Normally, the inner variables of a closure are completely hidden to the outside world. However, you can provide access by writing accessor functions and attaching them to the closure as function attributes. For example:

def sample():
    n = 0
    # Closure function
    def func():
        print('n=', n)

    # Accessor methods for n
    def get_n():
        return n

    def set_n(value):
        nonlocal n
        n = value

    # Attach as function attributes
    func.get_n = get_n
    func.set_n = set_n
    return func

Here is an example of using this code:

>>> f = sample()
>>> f()
n= 0
>>> f.set_n(10)
>>> f()
n= 10
>>> f.get_n()
10
>>>

Discussion

There are two main features that make this recipe work. First, nonlocal declarations make it possible to write functions that change inner variables. Second, function attributes allow the accessor methods to be attached to the closure function in a straightforward manner where they work a lot like instance methods (even though no class is involved).

A slight extension to this recipe can be made to have closures emulate instances of a class. All you need to do is copy the inner functions over to the dictionary of an instance and return it. For example:

import sys
class ClosureInstance:
    def __init__(self, locals=None):
        if locals is None:
            locals = sys._getframe(1).f_locals

        # Update instance dictionary with callables
        self.__dict__.update((key,value) for key, value in locals.items()
                             if callable(value) )
    # Redirect special methods
    def __len__(self):
        return self.__dict__['__len__']()

# Example use
def Stack():
    items = []

    def push(item):
        items.append(item)

    def pop():
        return items.pop()

    def __len__():
        return len(items)

    return ClosureInstance()

Here’s an interactive session to show that it actually works:

>>> s = Stack()
>>> s
<__main__.ClosureInstance object at 0x10069ed10>
>>> s.push(10)
>>> s.push(20)
>>> s.push('Hello')
>>> len(s)
3
>>> s.pop()
'Hello'
>>> s.pop()
20
>>> s.pop()
10
>>>

Interestingly, this code runs a bit faster than using a normal class definition. For example, you might be inclined to test the performance against a class like this:

class Stack2:
    def __init__(self):
        self.items = []

    def push(self, item):
        self.items.append(item)

    def pop(self):
        return self.items.pop()

    def __len__(self):
        return len(self.items)

If you do, you’ll get results similar to the following:

>>> from timeit import timeit
>>> # Test involving closures
>>> s = Stack()
>>> timeit('s.push(1);s.pop()', 'from __main__ import s')
0.9874754269840196
>>> # Test involving a class
>>> s = Stack2()
>>> timeit('s.push(1);s.pop()', 'from __main__ import s')
1.0707052160287276
>>>

As shown, the closure version runs about 8% faster. Most of that is coming from streamlined access to the instance variables. Closures are faster because there’s no extra self variable involved.

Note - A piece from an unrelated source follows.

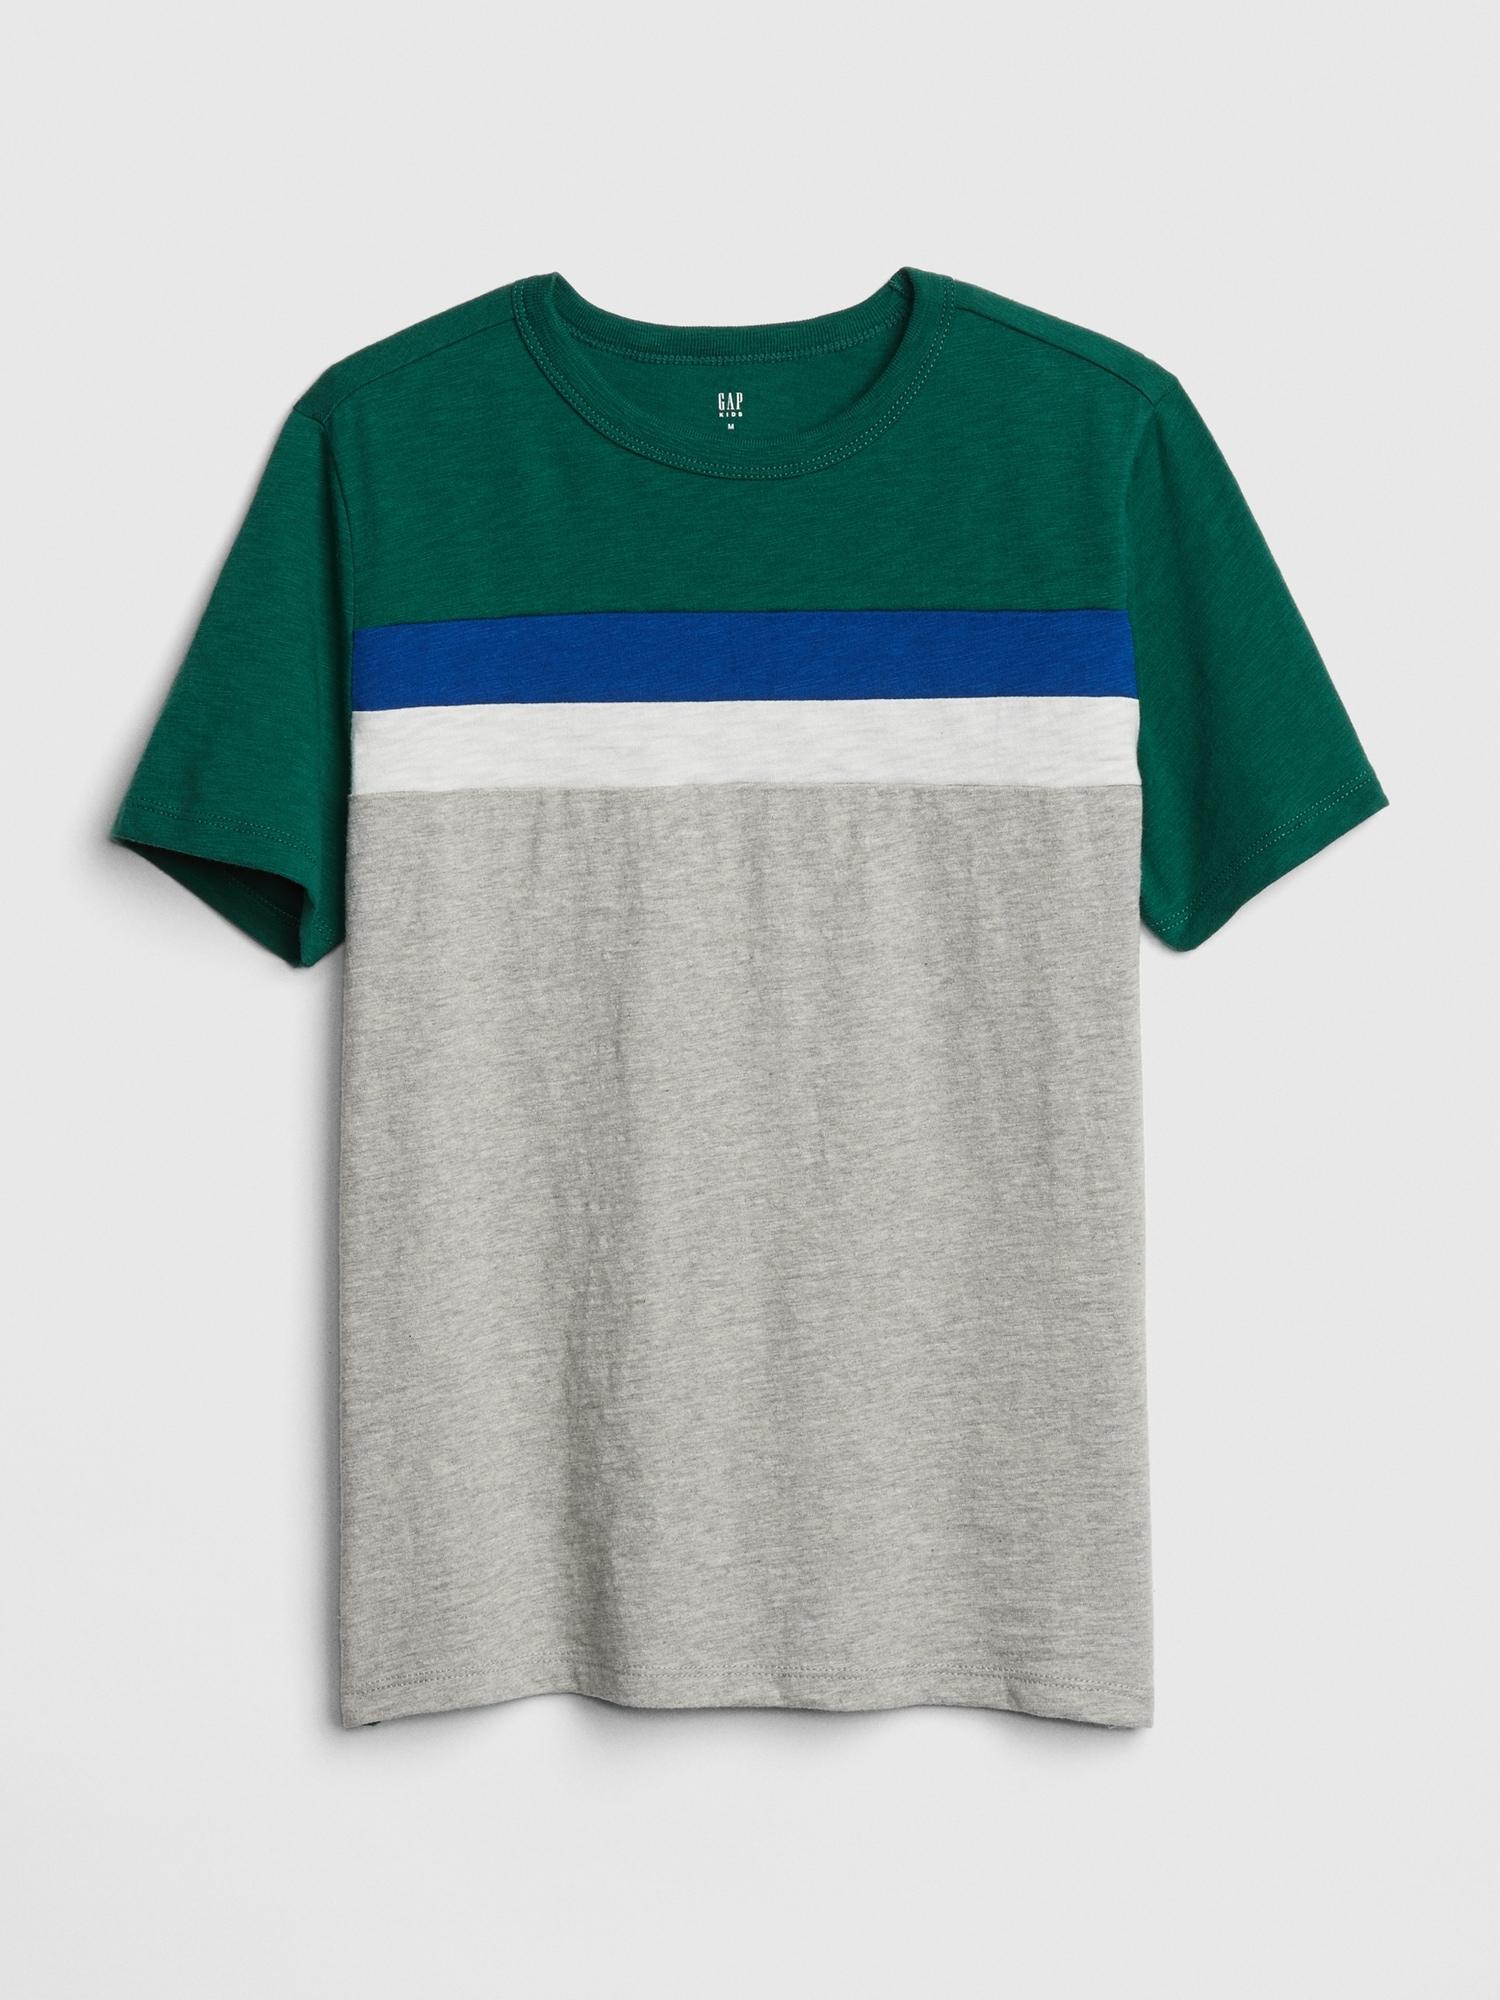 aa67c51433fd Kids Colorblock Short Sleeve T-Shirt | Gap

Raymond Hettinger has devised an even more diabolical variant of this idea. However, should you be inclined to do something like this in your code, be aware that it’s still a rather weird substitute for a real class. For example, major features such as inheritance, properties, descriptors, or class methods don’t work. You also have to play some tricks to get special methods to work (e.g., see the implementation of __len__() in ClosureInstance).

Lastly, you’ll run the risk of confusing people who read your code and wonder why it doesn’t look anything like a normal class definition (of course, they’ll also wonder why it’s faster). Nevertheless, it’s an interesting example of what can be done by providing access to the internals of a closure.

In the big picture, adding methods to closures might have more utility in settings where you want to do things like reset the internal state, flush buffers, clear caches, or have some kind of feedback mechanism.